Dante asked if I thought he should stop paying the mortgage and the bills.  I told him that’s what I would do.  I told him the bank likely wouldn’t move to foreclose until he’d missed at a least a few months of payments, so I would stop payment on everything but utilities, stay put until the bank at least started sending threatening letters, and save whatever money he could for a new apartment.  He said he’d been cancelling our dad’s magazine subscriptions.  He had so many.   I warned Dante that the VA might not stop Dad's monthly checks right away and that, if they paid him something after his death, they would realize their mistake and demand it back in a few months.  It was the same thing that had happened every time he moved back into the hospital or the nursing home -- his check got reduced retroactively, and he was expected to pay them back thousands of dollars.  If this happened for three or four months like it did before, they would be expecting tens of thousands of dollars back.  I warned Dante not to spend the money from Dad's checking account in case this happened.  He replied, "Well, they better not do that then."

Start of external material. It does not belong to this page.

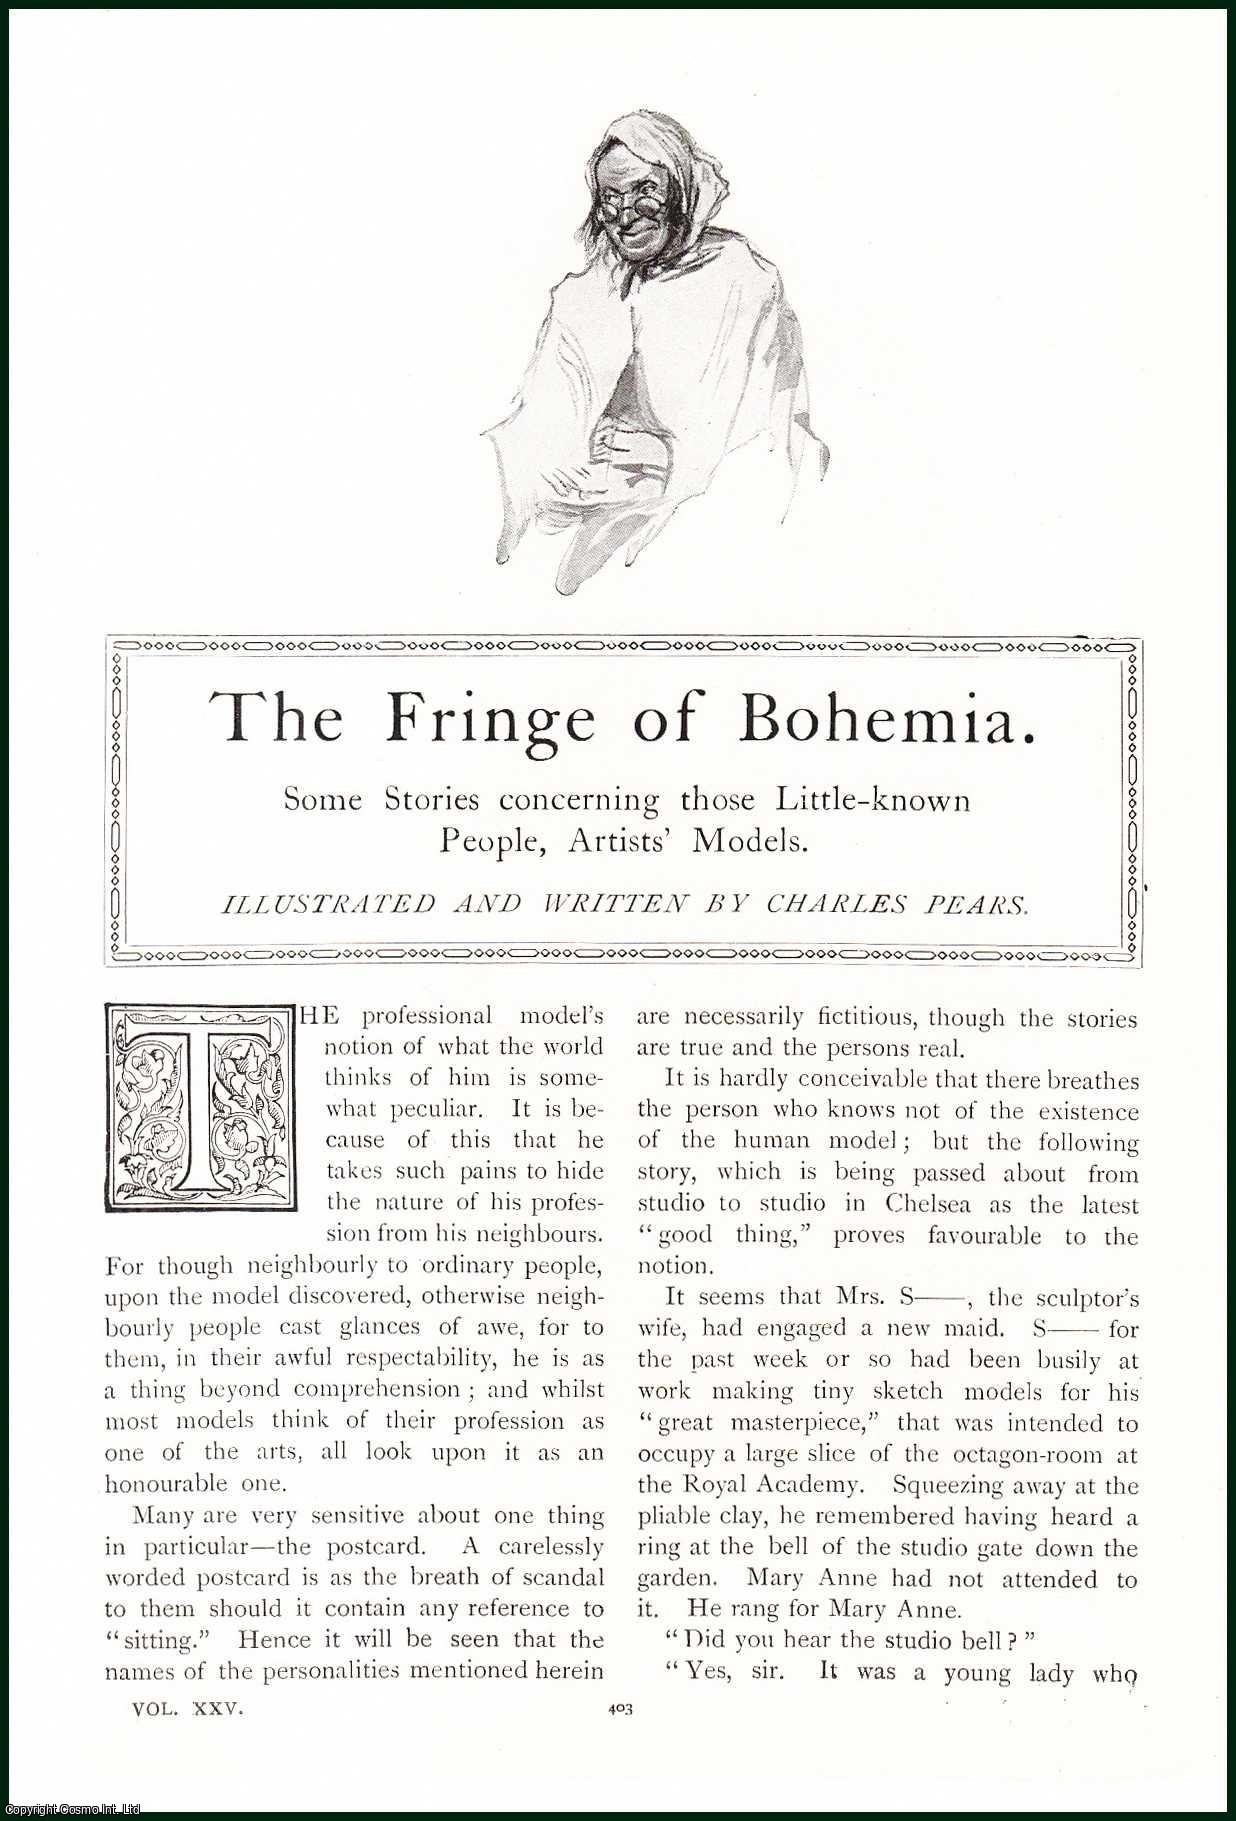 Written & illustrated by Charles Pears. - The Fringe of Bohemia : some stories concerning those little-known people, artists models. An uncommon original article from the Lady's Realm, 1909.

Cincinnati was a long trip.  It was the first time I'd been to my hometown in six years.  I spent as much time with my best friend and her family as possible.  My birthday happened while we were there, so my best friend and her mother and sister and boyfriend all joined us for lunch the day before the memorial service.  It was nice.  There were even presents.  If you have to deal with a parent's death, make sure to do it in the town where your best friend lives.  It makes everything so much better.

The morning of the memorial service, my daughter was supposed to stay with my best friend's mom and sister while my best friend, my husband, and I went to the service.  Then we'd all go out for lunch.  But my daughter started running a fever the night before and wasn't better by that morning.  I asked my husband to stay with her in the hotel room while my best friend and her family and I went to the service together.  We made up half the attendees.  My brother arrived shortly after me, and that's when the man who runs the crematorium welcomed us, showed us around, and said our dad's body should be arriving in two more days.